Charles Faddis, “Are The Chinese One Step Away From Putting Their Man In The White House While The FBI Worries About Iranian Spam Mail?” AND Magazine, October 22, 2020.

It’s somewhat unfortunate that the Hunter Biden child porn angle has drawn the most attention in this scandal. Hunter Biden isn’t on the ballot, but Joe Biden is and anything that ties him into this sordid tale is more important to know than the drug habit and other details of his son’s tawdry life.

Sunday evening reading (on Monday)

Erick Erickson is back on here, and this time he says he’s gonna make you mad. But I didn’t get mad because I just remember God is in control.

You’ve got two old geezers who act like they’re fighting over the last chicken wing at an all you can eat buffet early bird special who the American public has concluded are the best we can do in a nation of over 350 million people and that is a damning indictment on the whole nation. Part of me thinks your excitement and enthusiasm for your particular candidate is just to cover the shame of these two candidates being the best we could do.

(…)

PS — while you were out on your boat parade or car parade or in your socially distanced circle of jerks bragging that your side was all masked up unlike the other side, you weren’t phone banking, you weren’t knocking on doors, and you weren’t getting out the vote in the closest presidential election in our lifetime.

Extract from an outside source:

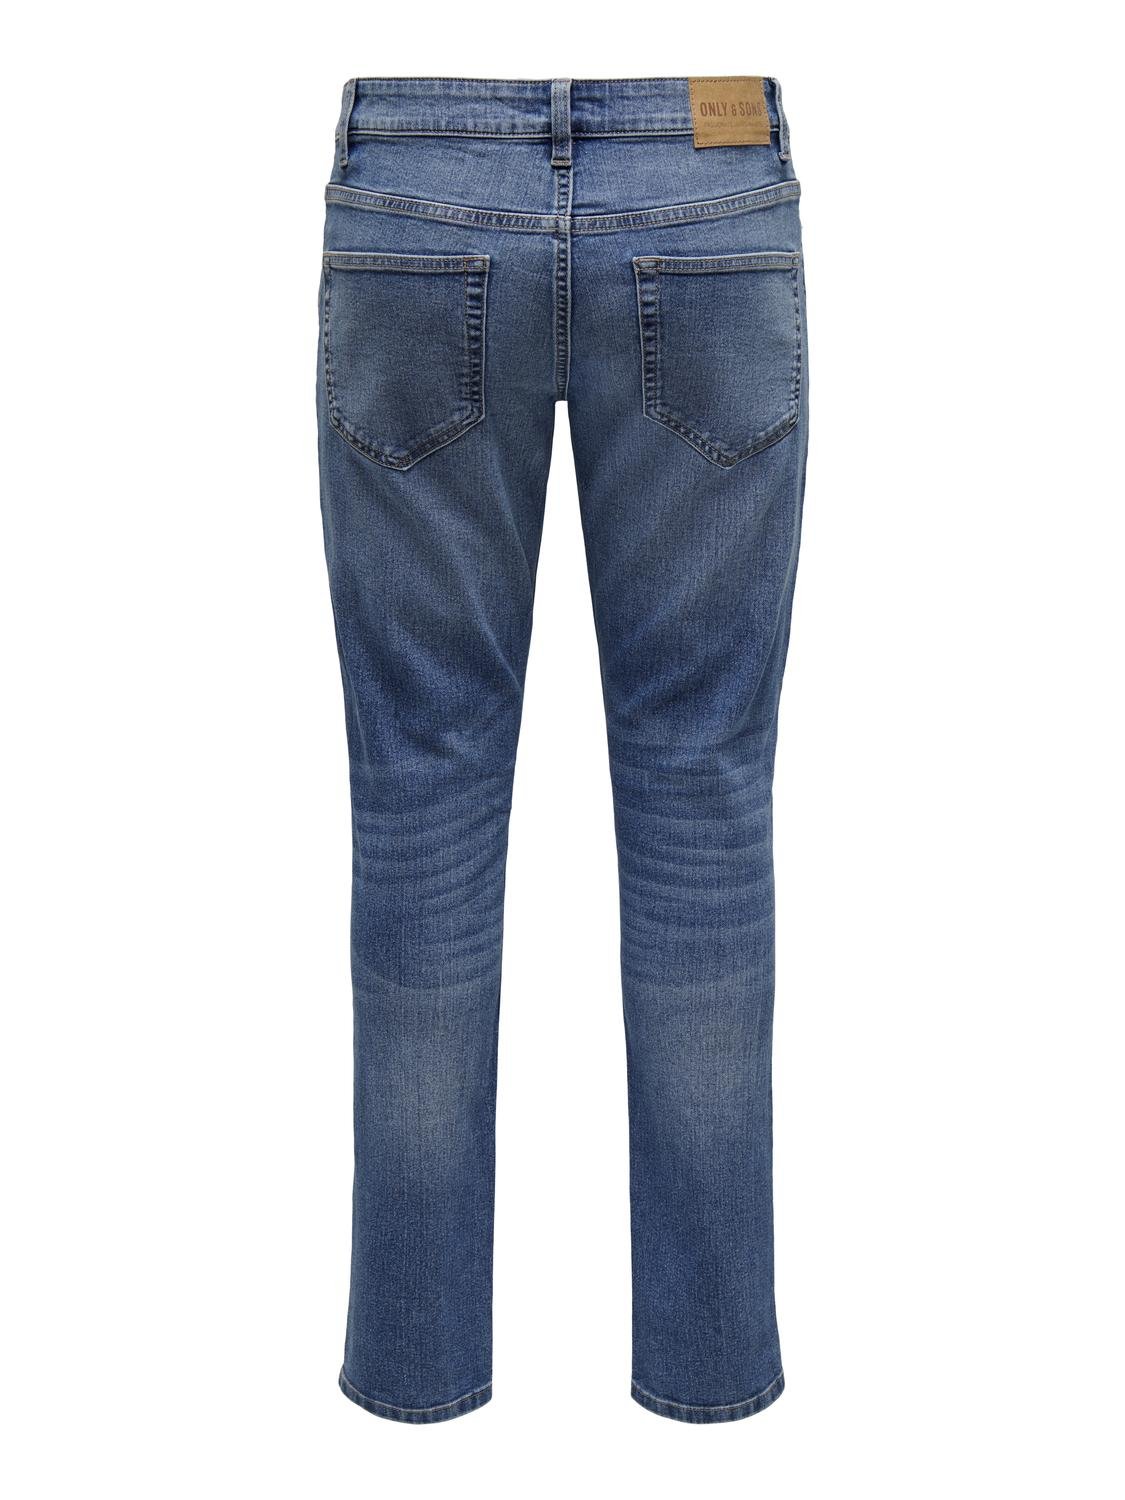 ONLY & SONS Slim Fit Middels høyt snitt Jeans -Light Medium Blue Denim - 22027899

Now you can get off my lawn.

Erick Erickson, “Gonna Make You Mad This Morning,” October 30, 2020.

What’s really funny is that I just read a Facebook post from a self-styled Maryland political expert (and #NeverTrump) who complained the exact same thing about the 4,000 to 5,000 cars that participated in a mobile Trump rally along the Beltway.

Of course, that implied these people were going to help out in the campaign. There are a lot of people who do political volunteering, but 95% of those drivers in that parade weren’t political volunteers and never will be. It’s like a mobile yard sign – if not, why would it be a big deal when President Trump draws 60,000 to a rally and Joe Biden has half a hundred? The CCP virus is just an excuse – Trump backers are passionate, and they will show up at the polls. Just make sure you bring a friend or two.

What’s at stake in Delaware?

If you are a recipient of e-mail from A Better Delaware, you’re already aware of this, but they came up with an outline of their priorities.

There are ideas to return the estate tax, and increase the top rate for income taxes – which are already rather high to begin with. They will also create issues for small business, many of which have owners who file as individuals and not businesses.

They point out that proposed regulations and mandates on businesses will result in job cuts. These mandates include paid family leave and increasing the minimum wage.

The government transparency that was already an issue before the CCP virus has been enhanced by the suspension of FOIA compliance and lack of input into the budget process, including how to spend our (surprising) budget surplus. It was never explained how some businesses were deemed essential while others withered on the vine.

Corruption in the state – it’s not just shady land deals, but a legislature that routinely ignores its own rules.

Certificate-of-need laws the federal government scrapped end up restricting our access to health care.

I’m going to talk a lot more about Delaware in the post-election edition, but this is enough for now. Tomorrow I’ll make a few wild guesses and we will see if 2020’s election is just as bad as the rest of the year.